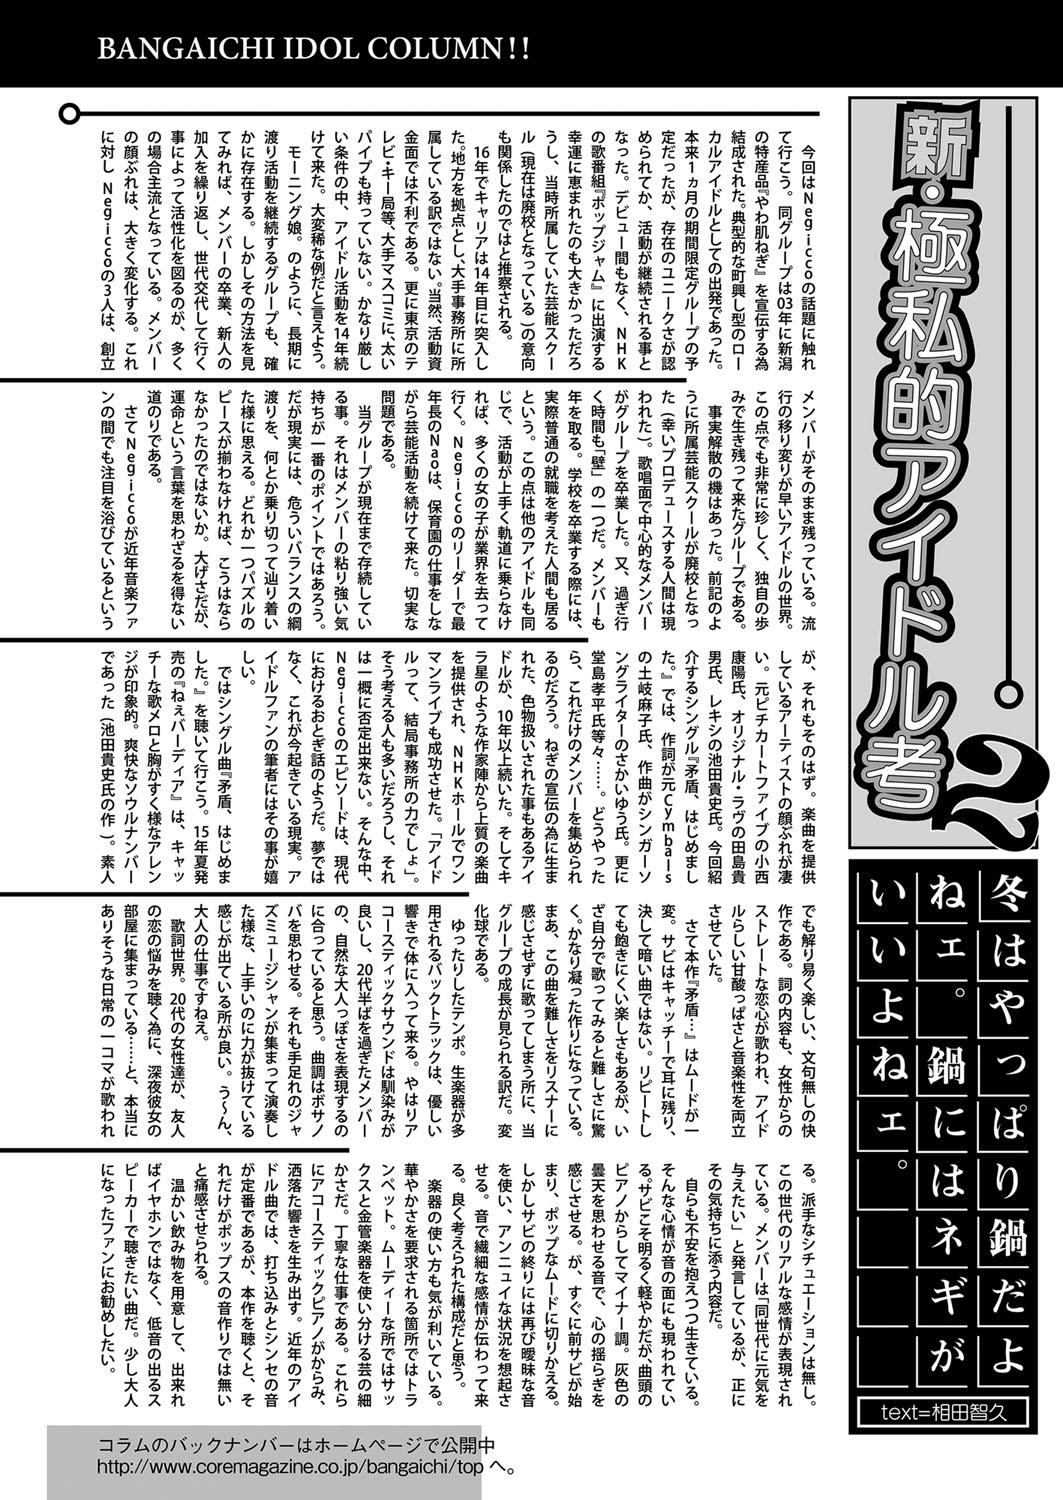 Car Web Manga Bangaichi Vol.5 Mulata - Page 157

☆ ☆ ☆ ☆ ☆ ☆ ☆

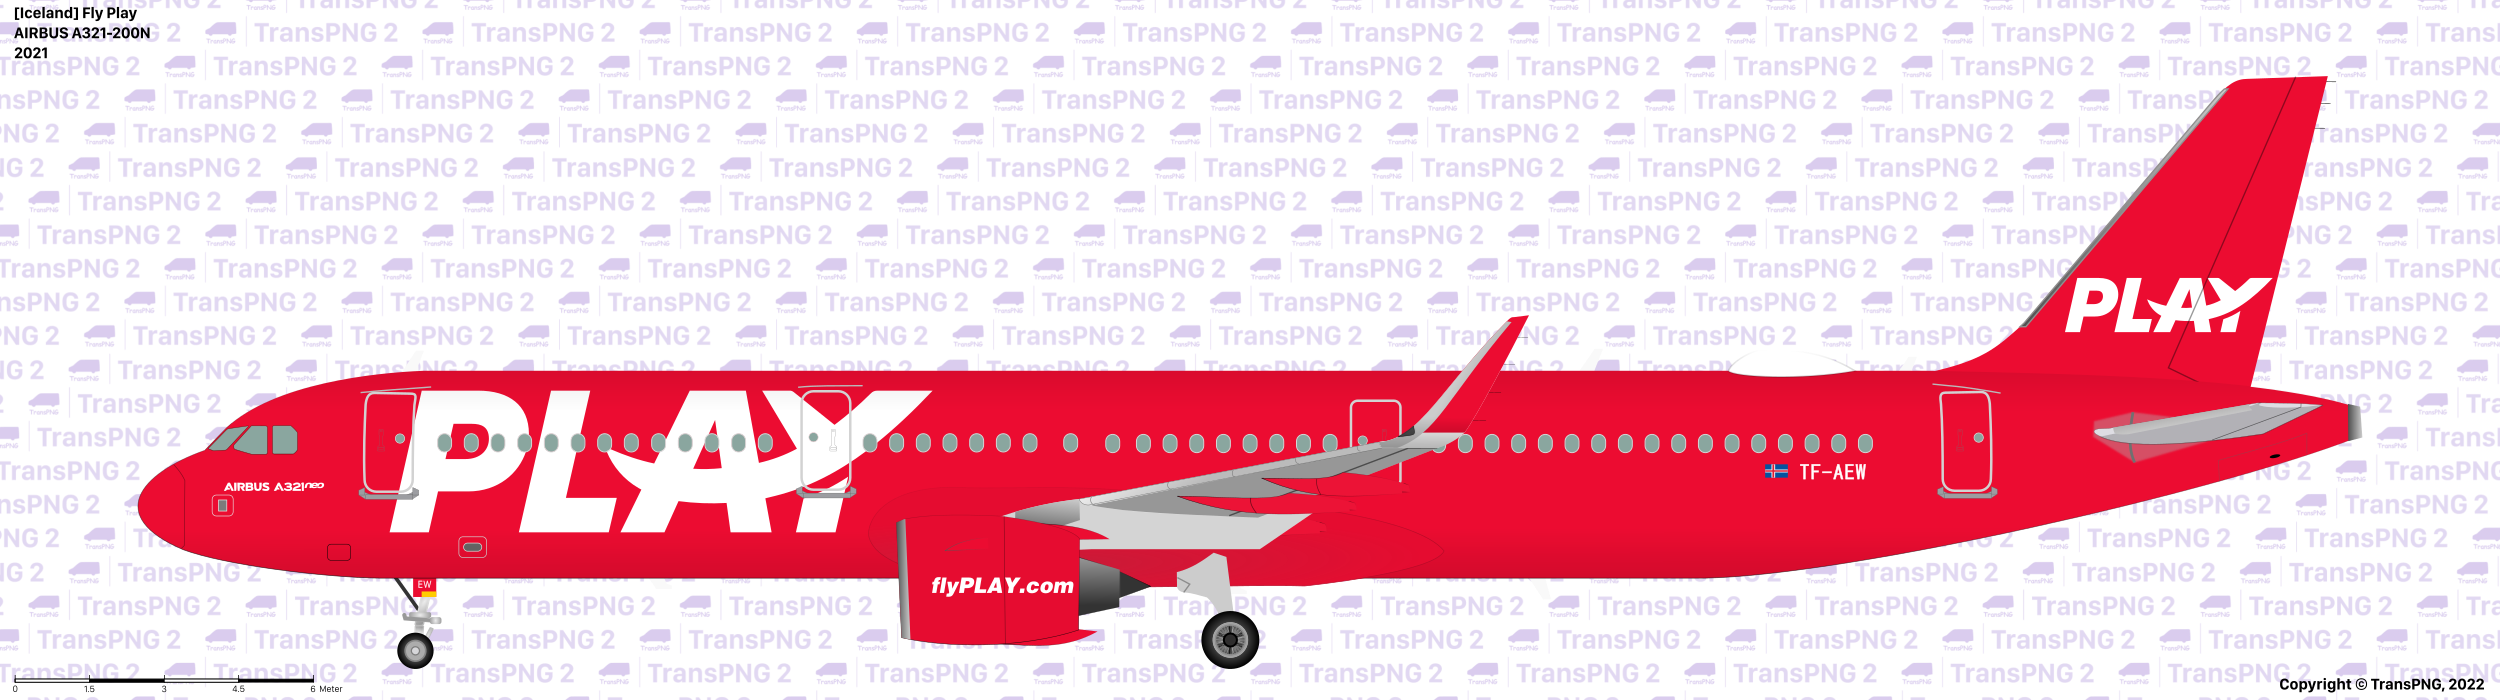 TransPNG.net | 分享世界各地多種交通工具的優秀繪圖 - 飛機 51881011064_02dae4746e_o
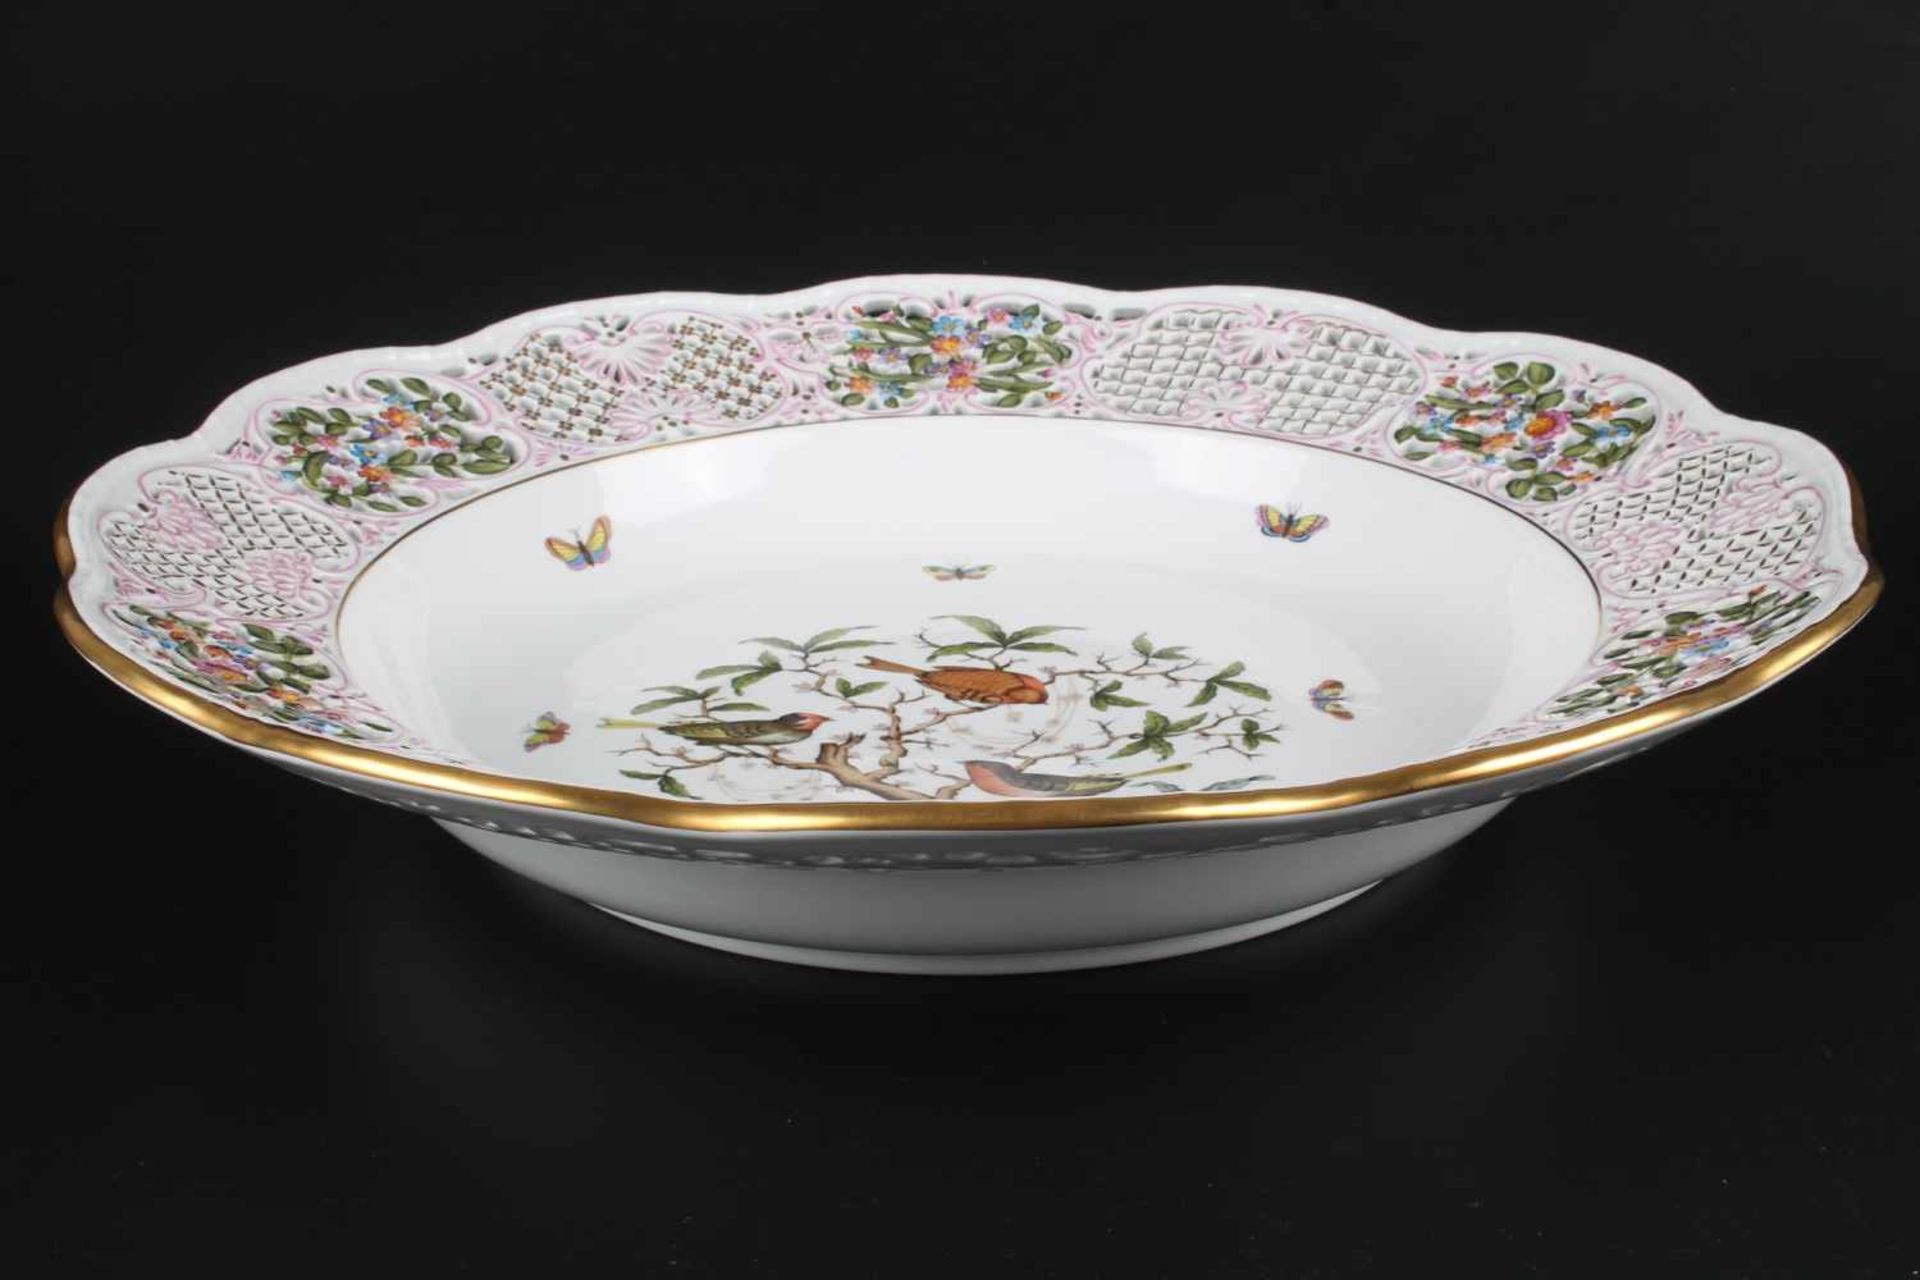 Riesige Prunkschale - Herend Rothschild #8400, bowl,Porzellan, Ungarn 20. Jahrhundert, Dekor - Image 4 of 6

☆ ☆ ☆ ☆ ☆ ☆ ☆

### GOAL OF THE EXERCISE
What's needed is an exact copy of the records above from the line containing "TransPNG.net | 分享世界各地多種交通工具的優秀繪圖" down to the line containing "Riesige Prunkschale - Herend", both included, without any pictures.

### OUTPUT FOR THIS EXERCISE
 TransPNG.net | 分享世界各地多種交通工具的優秀繪圖 - 飛機 51881011064_02dae4746e_o
 Riesige Prunkschale - Herend Rothschild #8400, bowl,Porzellan, Ungarn 20. Jahrhundert, Dekor - Image 4 of 6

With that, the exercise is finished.